YantrikDB — A Cognitive Memory Engine for Persistent AI Systems

The memory engine for AI that actually knows you.

The Problem

Current AI systems have no coherent memory architecture. They bolt together generic databases — vector stores, knowledge graphs, key-value caches — none of which were designed for how cognition works.
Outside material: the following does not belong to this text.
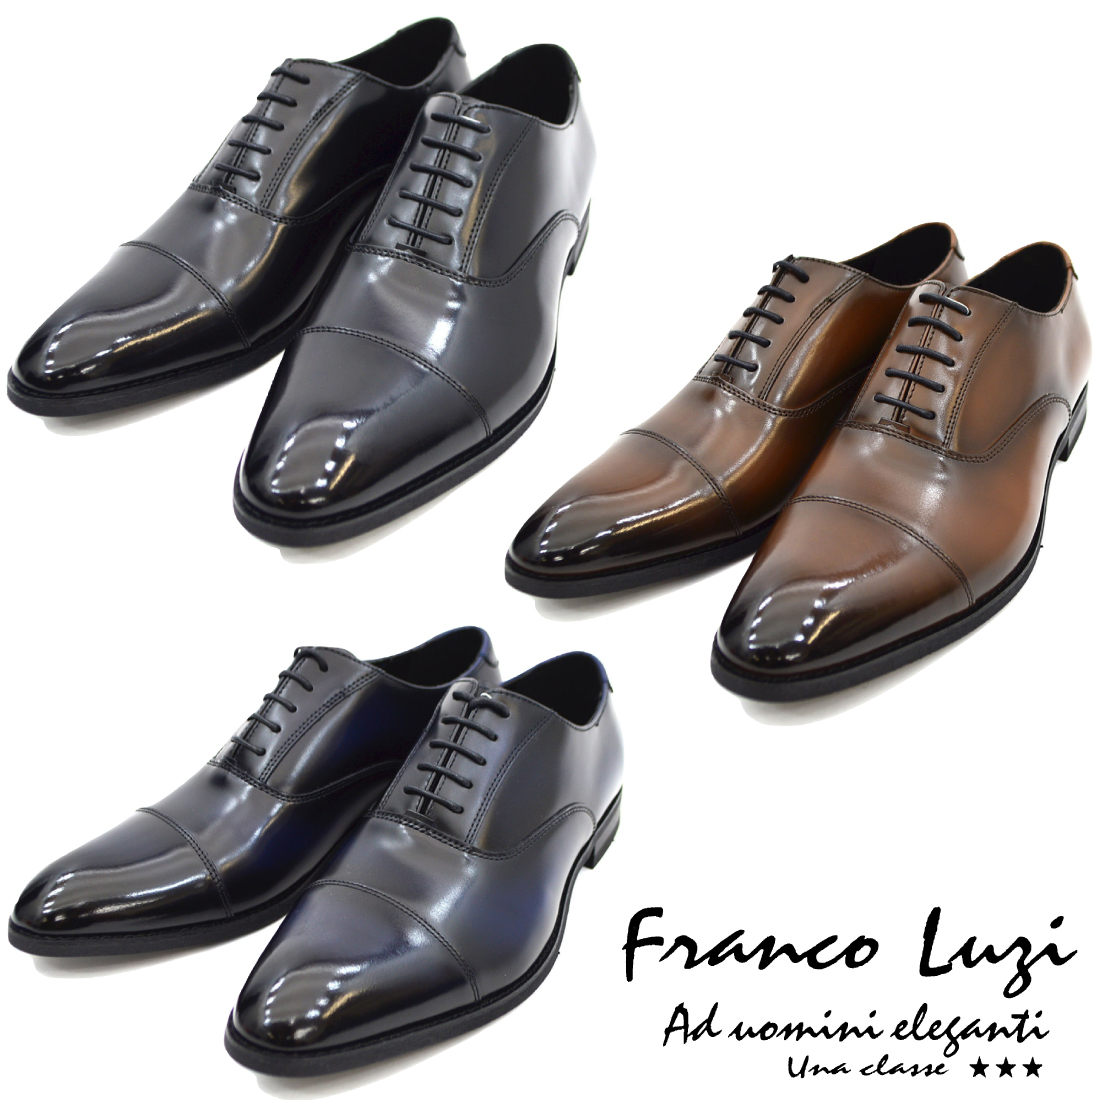 ▲FRANCO LUZI フランコ ルッチ 2001 ビジネスシューズ ストレートチップ 紳士靴 革靴 メンズ ブラック 黒 27.0cm (0910010550-bk-s270)

This makes persistent, evolving AI relationships impossible at scale.

Today's AI memory is:

Store everything → Embed → Retrieve top-k → Inject into context → Hope it helps.

That does not scale cognitively.

The Thesis

AI needs a purpose-built memory engine with native support for:

  • Temporal decay — memories age and fade like human memory
  • Semantic consolidation — patterns are extracted, redundancy is compressed
  • Conflict resolution — contradictions are detected and resolved conversationally
  • Multi-device replication — local-first CRDT-based sync across devices
  • Proactive cognition — background processing that gives AI genuine reasons to initiate conversation

All in a single embedded engine — no server, no network hops, no stitching together five databases.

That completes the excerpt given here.